# 02 Add Two Numbers

### Description

You are given two **non-empty** linked lists representing two non-negative integers. The digits are stored in **reverse order**, and each of their nodes contains a single digit. Add the two numbers and return the sum as a linked list.

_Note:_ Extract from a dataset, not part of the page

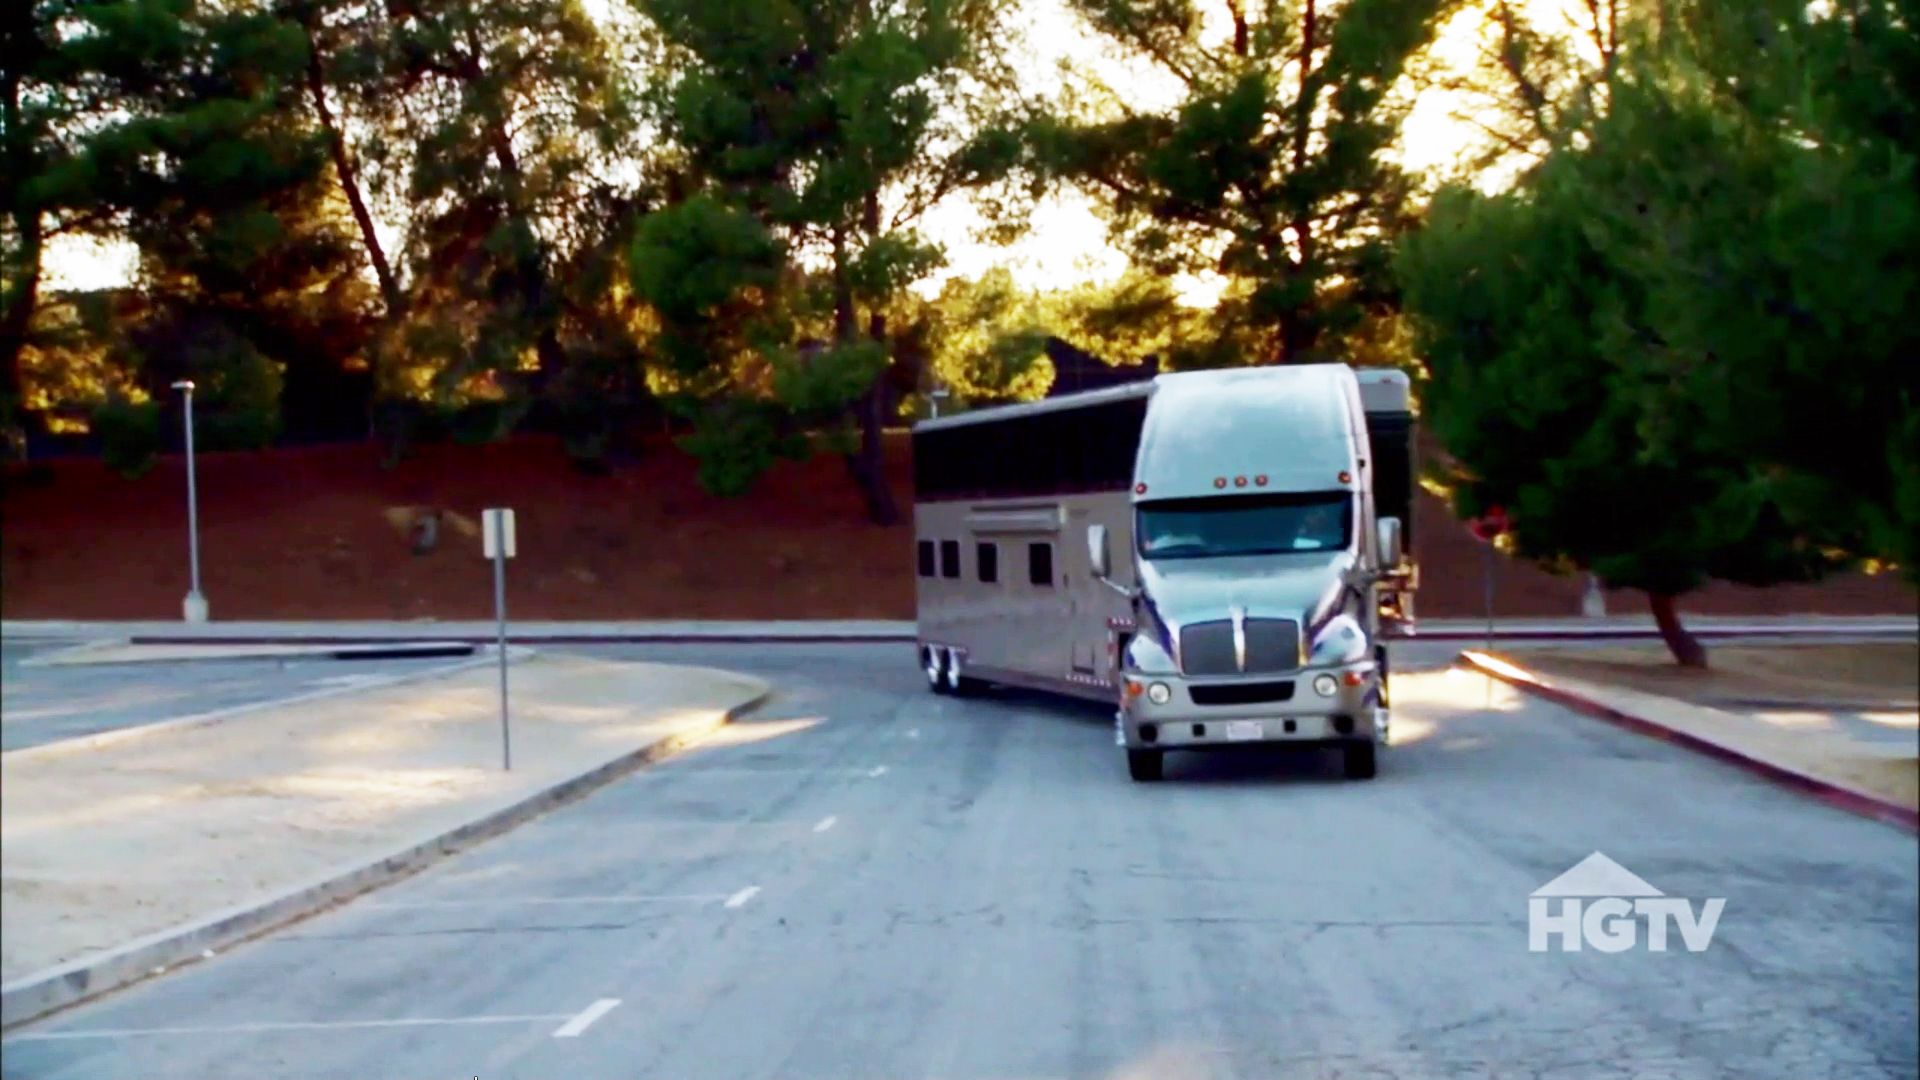 Say Goodbye To Vin Diesel's Motorhome As It Heads To The Next Location

You may assume the two numbers do not contain any leading zero, except the number 0 itself.

### Simple Solution

This problem is actually relatively simple as long as I am pretty familiar with linked list (not with c++ grammar however, which is necessary for me to catch up). Just set up one carrier bit, and then add up digits one by one. Sort like merging two sorted arrays.

### Code

```
class Solution {
public:
ListNode* addTwoNumbers(ListNode* l1, ListNode* l2) {
int carrier = 0;
ListNode* answer = new ListNode;
ListNode* ans = answer;
while (l1 != NULL && l2 != NULL) {
ans->val = (l1->val + l2->val + carrier) % 10;
carrier = (l1->val + l2->val + carrier) / 10;
if (l1->next != NULL || l2->next != NULL) {
ListNode* newNode = new ListNode;
ans = ans->next = newNode;
}
l1 = l1->next;
l2 = l2->next;
}
while (l1 != NULL) {
ans->val = (l1->val + carrier) % 10;
carrier = (l1->val + carrier) / 10;
if (l1->next != NULL) {
ListNode* newNode = new ListNode;
ans = ans->next = newNode;
}
l1 = l1->next;
}
while (l2 != NULL) {
ans->val = (l2->val + carrier) % 10;
carrier = (l2->val + carrier) / 10;
if (l2->next != NULL) {
ListNode* newNode = new ListNode;
ans = ans->next = newNode;
}
l2 = l2->next;
}
if (carrier != 0) {
ListNode* newNode = new ListNode;
ans = ans->next = newNode;
ans->val = carrier;
}
return answer;
}
};
```

### Complexity Analysis

Time complexity

This code need and only need one way look up. As a result, the time complexity is $O(n)$.

Space complexity

Only one linked list is need and one carrier int. So space complexity is also $O(n)$.